No further meetings on the issue will take place until the next formal session in January 2027, and discussions about potential additional protocols to the convention – an objective championed by Russia – will have to wait until the rules of procedure have been finalized. At the close of the meeting, Saboia expressed his disappointment in strong terms, pleading for better cooperation within the committee to deliver results in the face of the growing threat of digital criminality. ‘The fight against cybercrime loses, cybercriminals are very happy with the result, they are cheering. Second, the UN loses,’ he said. ‘I think we need to have a deep reflection about this process and where it’s heading. What is the purpose of having a convention if we are going to work on this basis?’

Lessons from the UNTOC review mechanism – a failing model

The countries pushing for open participation argued that cybercrime cannot be tackled by governments alone, and that the private sector and civil society will be vital to supporting the implementation of the convention. They also asserted that emulating the closed model of the UNTOC Conference of the States Parties should be avoided, due to the restrictions it places on participation in subsidiary bodies – the technical working groups created to focus on individual issues.

The GI-TOC has consistently emphasized that the lack of engagement in this area is one of the main reasons the UNTOC’s review mechanism is failing and why its implementation is impossible to monitor. If the cybercrime convention follows the same approach, it risks suffering the same fate.

But countries opposed to the participation of non-state stakeholders in subsidiary bodies insisted that as the conference is an intergovernmental process, these groups should be excluded.
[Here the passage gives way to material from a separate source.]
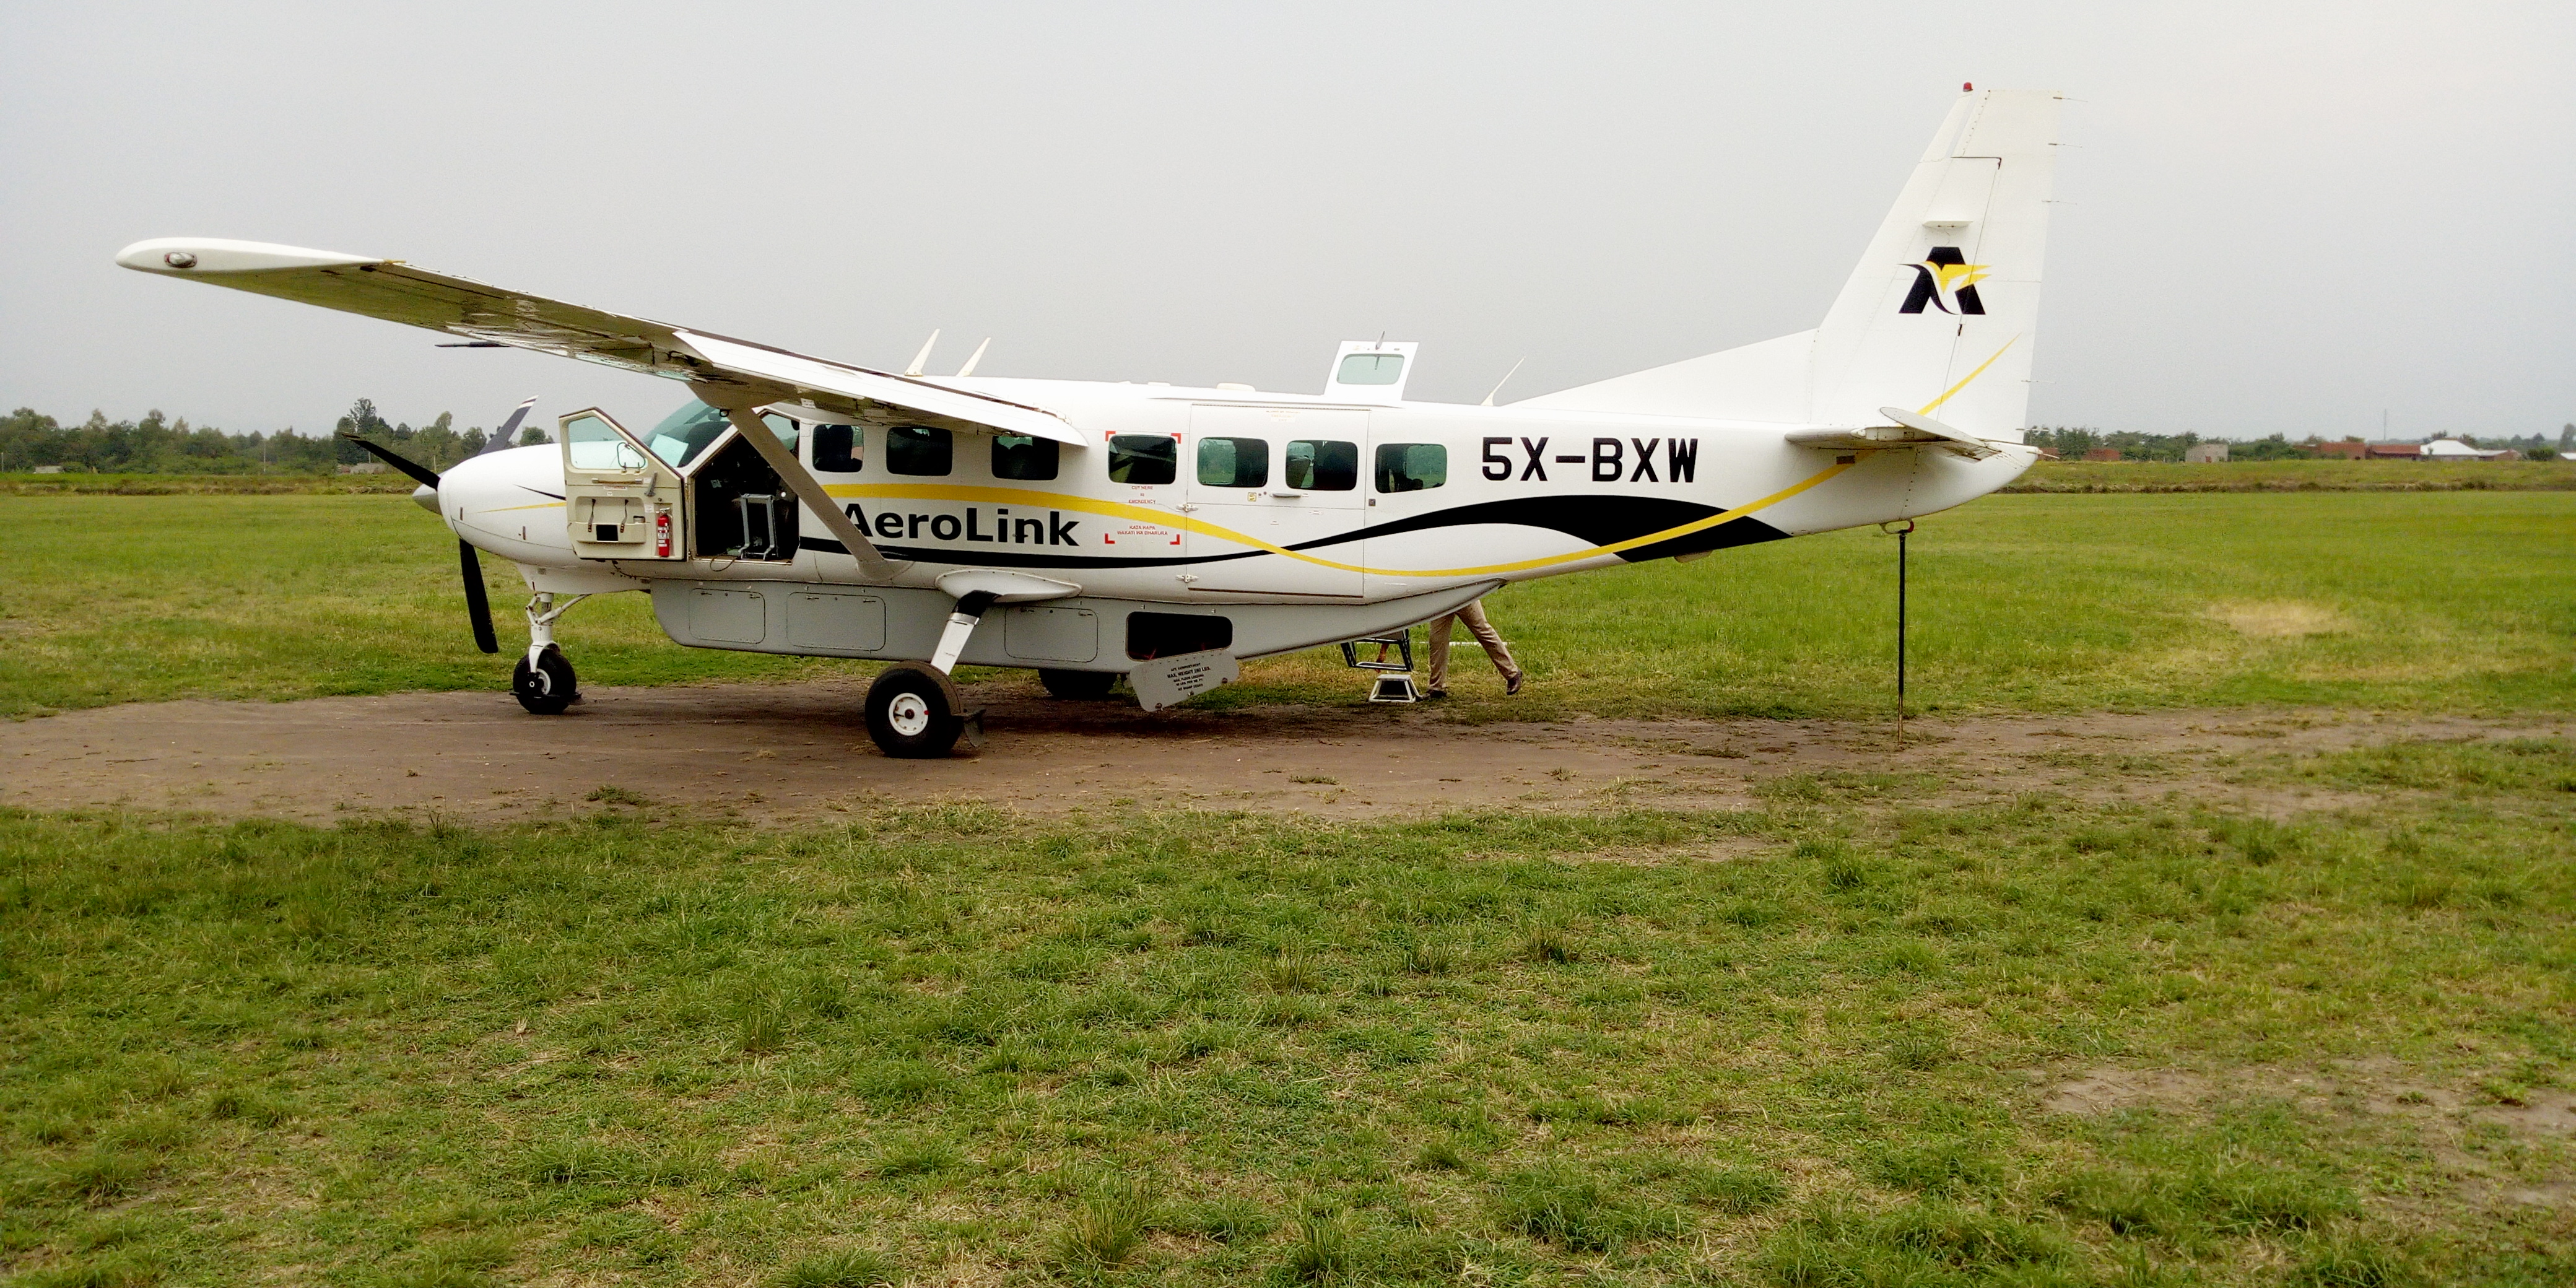 3 Days Flying Uganda Wildlife Safari to Kidepo Valley National Park

They also maintained that clear restrictions should be in place regarding the subjects observers are permitted to discuss – particularly regarding the criticism of governments – and that states should have broad rights to object to any organization’s involvement.

The suggested compromise solutions included versions in which stakeholders who passed the vetting process might, in theory, be invited to subsidiary bodies, while still being excluded from specific state-only meetings and restricted from discussing certain topics. Ultimately, however, any version that allowed stakeholders to attend subsidiary meetings was deemed unacceptable by certain states, who were determined to adhere to the restrictive UNTOC model. The African Group was most emphatic, formally rejecting the chair’s final compromise on the last day of the meeting.

Fiscal pressures compound the problem

Another major challenge affecting the process is the UN’s current funding crisis. In January, Secretary-General António Guterres warned of the body’s ‘imminent financial collapse’, caused by member states’ non-payment of fees. Because of these constraints, the portion of the budget previously allocated to Vienna-based UN processes has been cut, and the secretariat of the cybercrime convention is unusually small and cash-strapped. Illustratively, the funding provided for the meeting could not cover a full week of interpretation, with the Vietnamese government stepping in to make up the shortfall, following its hosting of the signing ceremony last year.

Given the financial situation, it would be far more practicable to adopt a single set of open and efficient rules for the cybercrime treaty, rather than replicating the duplicative model of the UNTOC conference working groups (for states only) and constructive dialogues (for states and observers). It is worth noting that funding for in-person UNTOC constructive dialogues has in fact been withdrawn; from this year, they will only take place online.

The lack of progress in Vienna does not bode well for the first global cybercrime treaty. Continued opposition to multi-stakeholder participation only exacerbates the challenge, especially at a time when both the UN and multilateralism itself are under threat. The position taken by the UN Office on Drugs and Crime’s incoming executive director will be critical in steering the process forward and proving the value and potential of this new instrument. Success, however, will depend on accessing the resources, expertise and knowledge of experts and institutions outside government.